Classes and Workshops
These classes allow us to learn various aspects of Buddha’s teachings and the Zen (Mahayana) perspective. Some classes will provide materials and resources; others will encourage us to buy the book! As always, scholarships are available so everyone can receive the wisdom and compassion of the Buddha.
To study the Buddha Way is to study the self. To study the self is to forget the self. To forget the self is to be actualized by myriad things. When actualized by myriad things, your body and mind as well as the bodies and minds of others drop away. No trace of realization remains and this no trace continues endlessly.
– Eihei Dōgen, Genjokoan
Taoism, Ch’an and The Tang Dynasty Poets
This class is postponed and we hope to offer it in the fall. Sorry for the inconvenience. It will be led by Michael G. Smith, Ph.D. Stay tuned for registration information. Thank you.

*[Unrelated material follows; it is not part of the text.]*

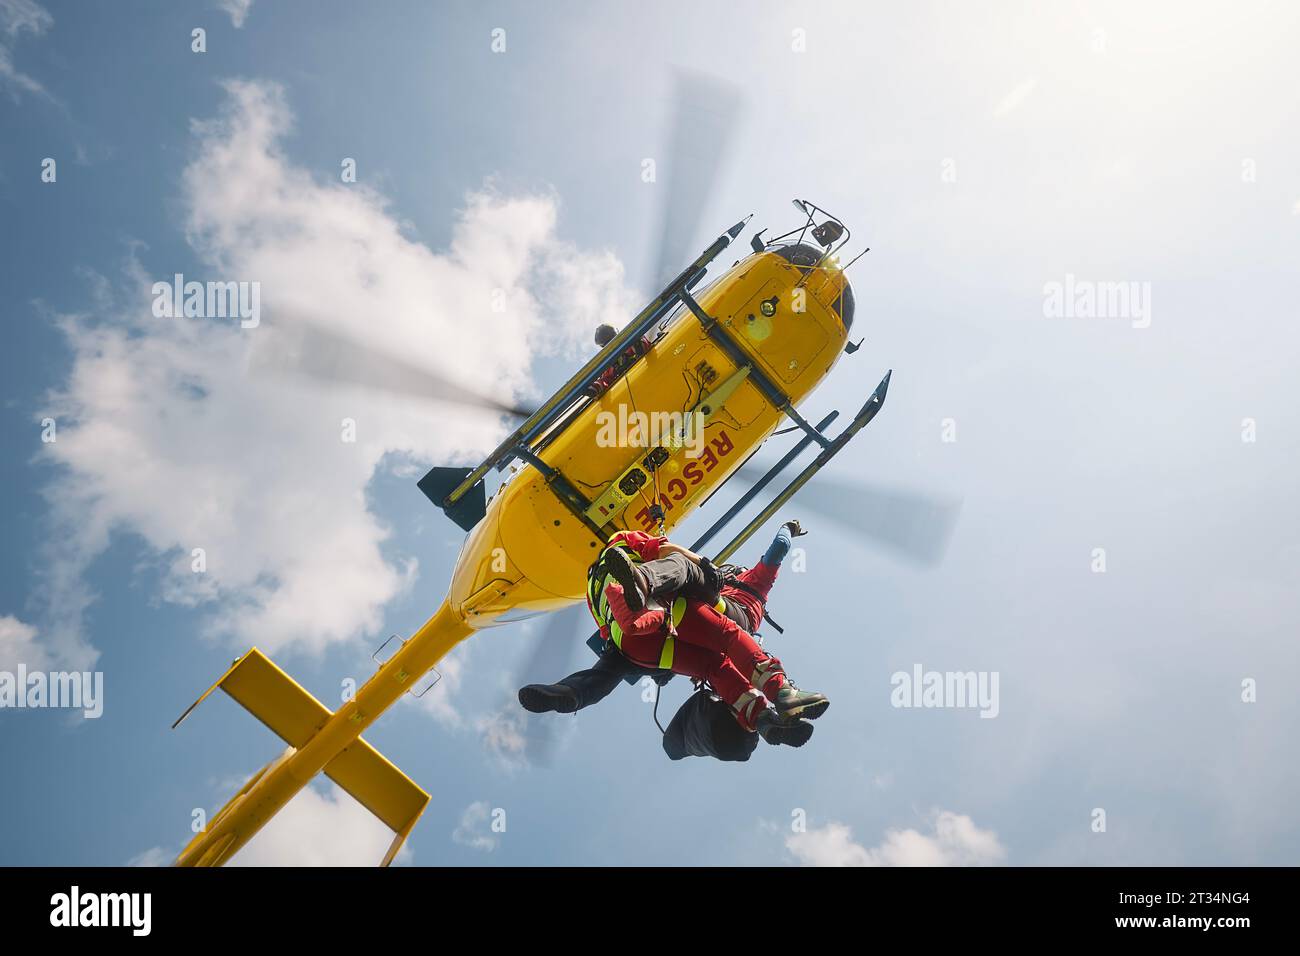 Zwei Sanitäter hängen am Seil unter fliegendem Hubschrauber-Notdienst. Themen Rettung, Hilfe und Helden. Stockfoto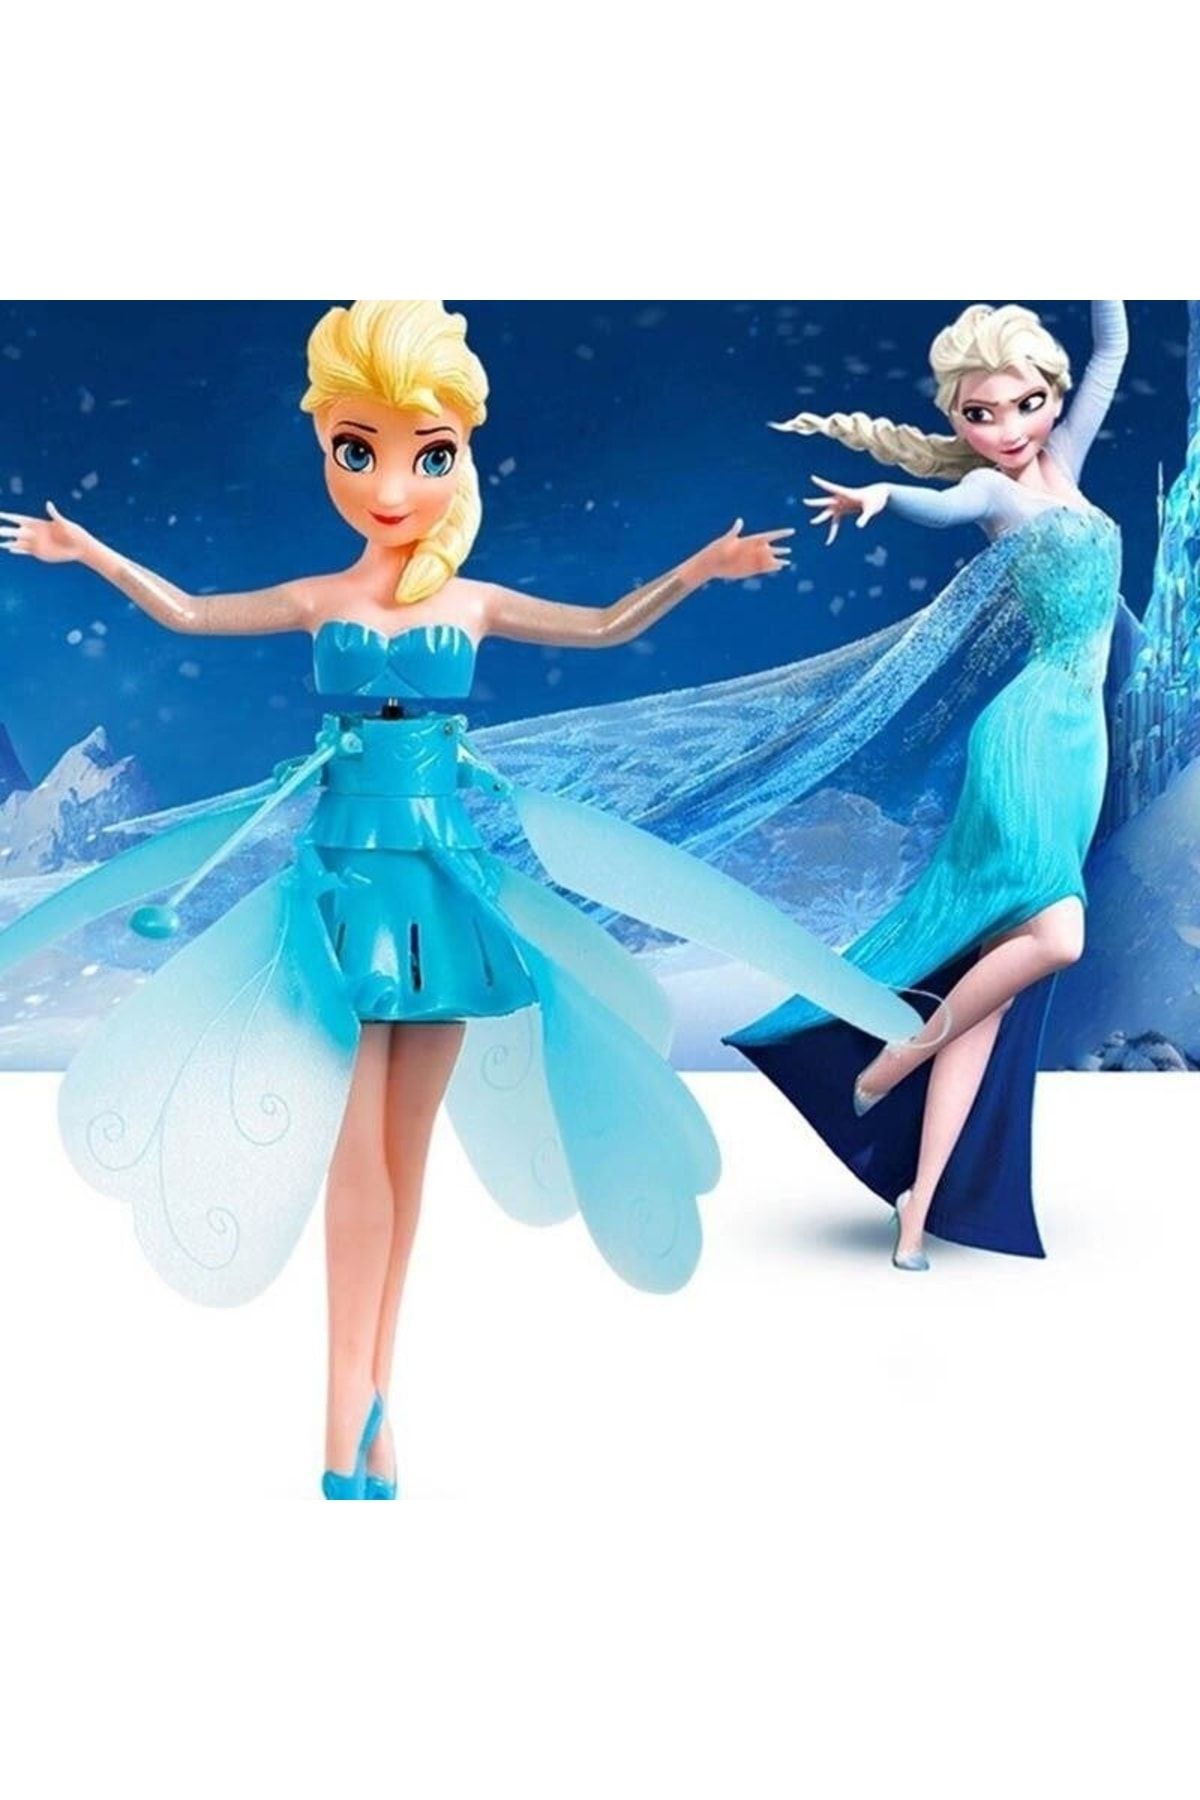 BYOZTEK Princess Prenses Elsa Frozen Uçan Peri El Sensörlü Şarjlı Uçan Bebek

Considered the golden age of China, the Chinese Tang Dynasty was a flowering periodically interrupted by uprisings, invasions, starvation and mass migration. Inspired by Nature and educated within the tenets of Taoism and Buddhism the Tang poets responded with plain-spoken poems of hardships and the natural world that resonate today. In this series we will discuss several poets, including Li Po, Du Fu, Fayuan (a Tang family royal and Buddhist nun of the early Tang) and Cold Mountain, with respect to their historical context and respond with our poems written during the workshop and elsewhere.
During two sessions the workshop will explore Tang Dynasty history and life, and their influence on its poets; important Taoist and Buddhist teachings relevant to Tang poets; and the challenge of translating poems written in a homophonous language into English. There will be time in each session for participants to craft poems modeled by the Tang poets, if desired.
SUGGESTED READING FOR THE TANG DYNASTY CLASS
If you are able, check out some of these before the class begins:
Awakened Cosmos|The Mind of Classical Chinese Poetry by David Hinton;
China’s Cosmopolitan Empire: The Tang Dynasty, by Mark Edward Lewis;
China Root: Taoism, Ch’an, and Original Zen, by David Hinton;
Finding Them Gone: Visiting China’s Poets of the Past, by Red Pine;
In the Same Light:200 Tang Poems for Our Century, translations by Wong May;
The Banished Immortal: A Life of Li Bai, by Li Bai and Ha Jin;
The Collected Songs of Cold Mountain, by Cold Mountain and Red Pine;
The Silk Dragon: Translations from the Chinese, by Arthur Sze.